From a storage perspective, the difference between SOX and HIPAA boils down to ensuring data permanence vs. data privacy, respectively.

In other words, with SOX--as well as SEC 17a-4--a company must prove that its data has not been altered from the time it was stored to the time it was retrieved. Krish Padmanabhan, director of data protection and reference storage solutions at NetApp, puts it more bluntly: "The SEC doesn't give a rat's ass if you leak the information--you just can't modify it."

Peter Gerr, analyst at Enterprise Storage Group, Milford, MA, points to write once, read many (WORM) media as the preferred choice for data permanence because it is inherently unalterable.

HIPAA or Gramm-Leach-Bliley, meanwhile, fall under the data privacy umbrella, where leaking information is the big no-no. Complying with data privacy regulations, says NetApp's Padmanabhan, is threefold: One, provide comprehensive access control; two, provide an audit trail of who has accessed what storage and when; and three, dispose of the data properly once its retention period is up.

The problem with many of the data privacy regulations, according to Padmanabhan, is that "the government doesn't tell you specifically what you need to do." In contrast, data permanence regulations such as SEC 17a-4 "are actually fairly specific," he says.

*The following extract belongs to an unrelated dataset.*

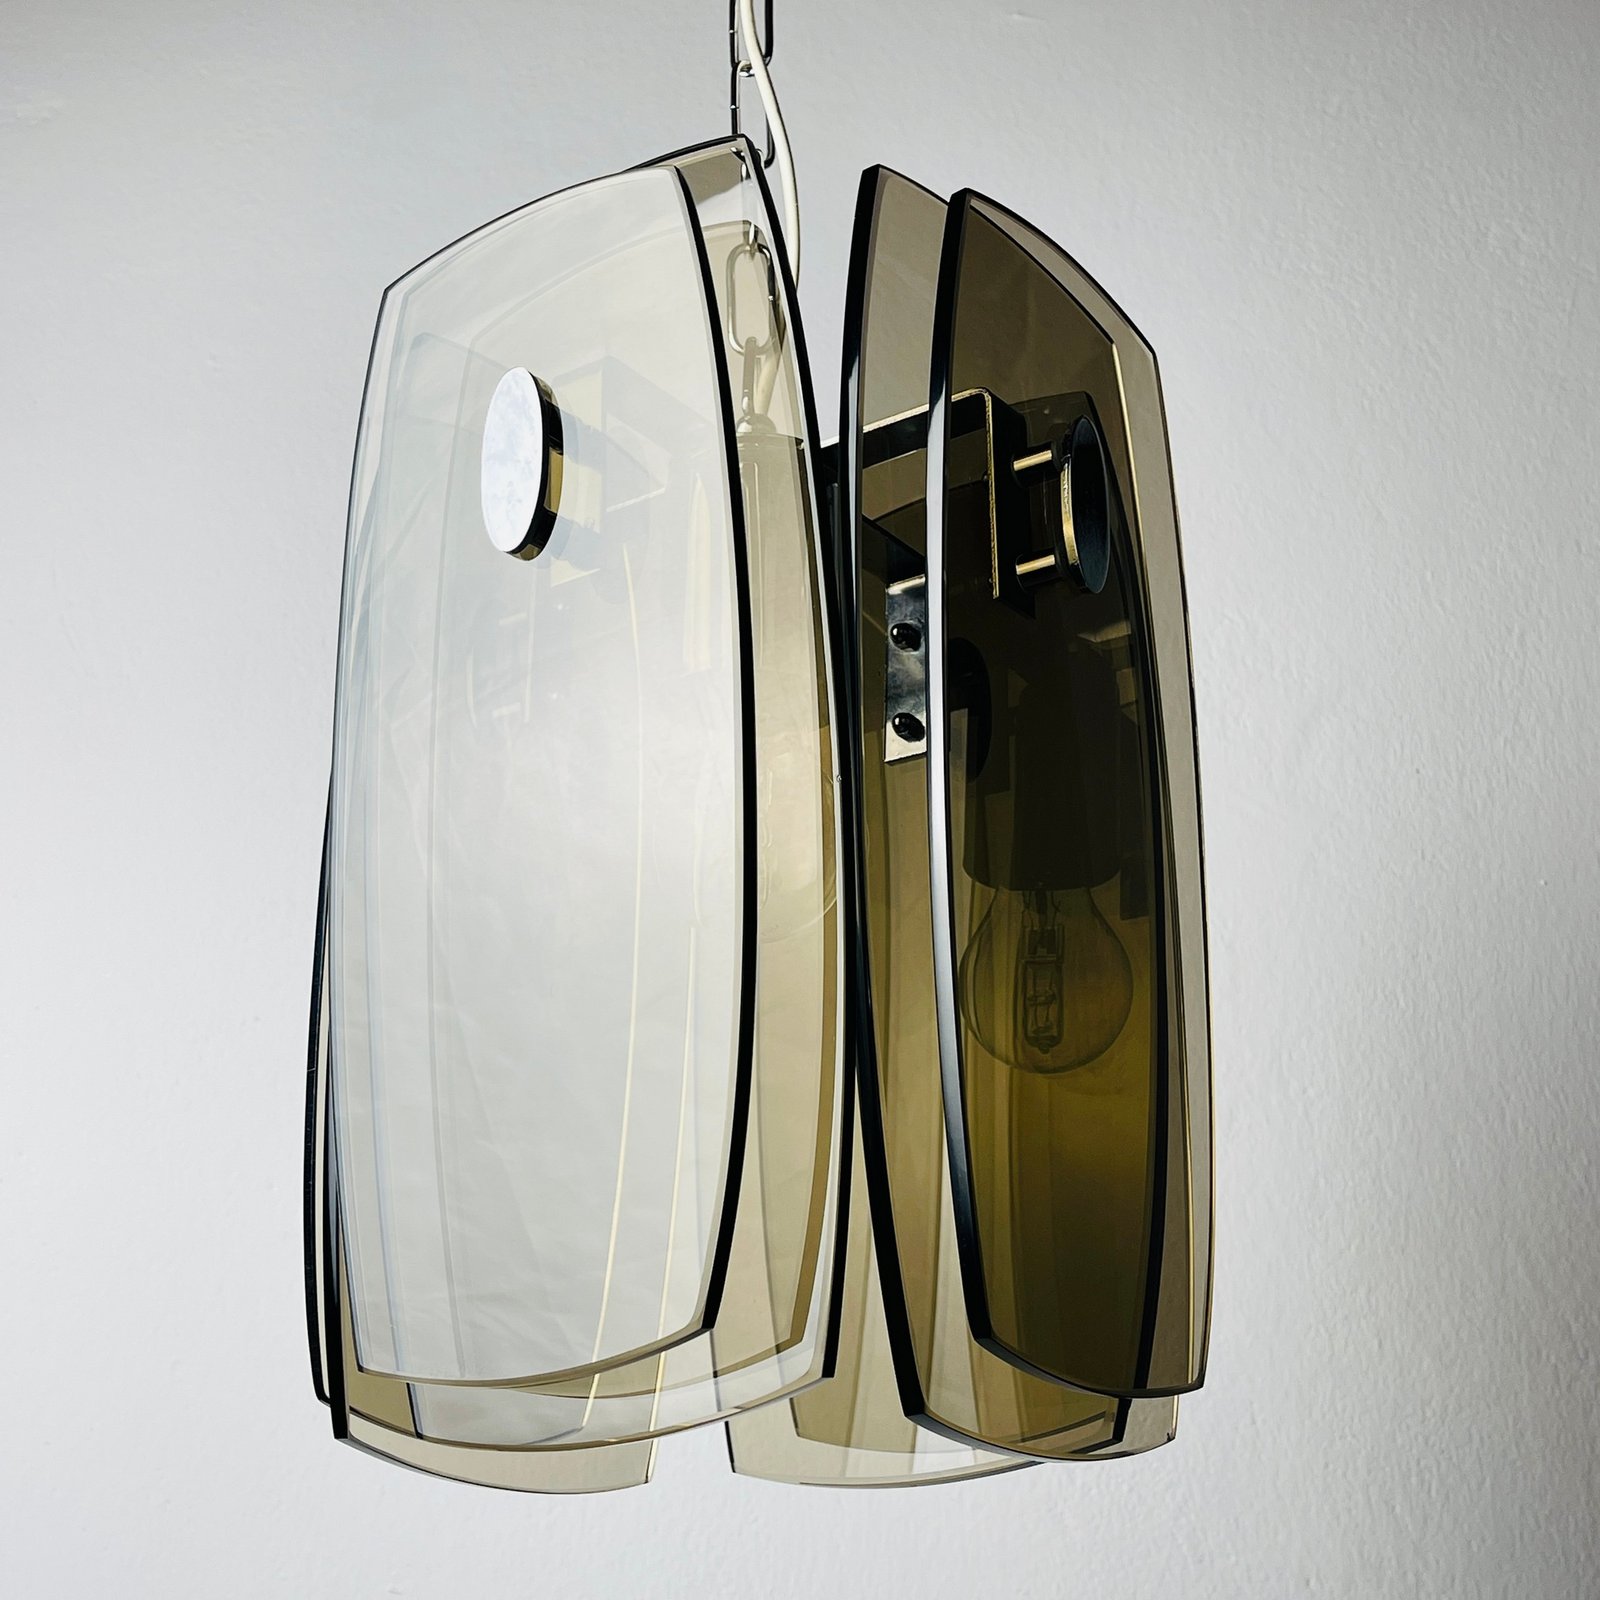 Vintage art glass pendant lamp italian design by Fontana Arte Italy 80s Art deco MCM mid-century ceiling lamp

But according to Gerr, all regulations, whether in the data permanence or the data privacy camp, are challenging because all require a shift in how storage systems are managed. "It's hard to convince storage managers who are still struggling with backup and recovery to also keep an eye on security and retention periods," says Gerr. "That's a discussion that should start higher up in the organization."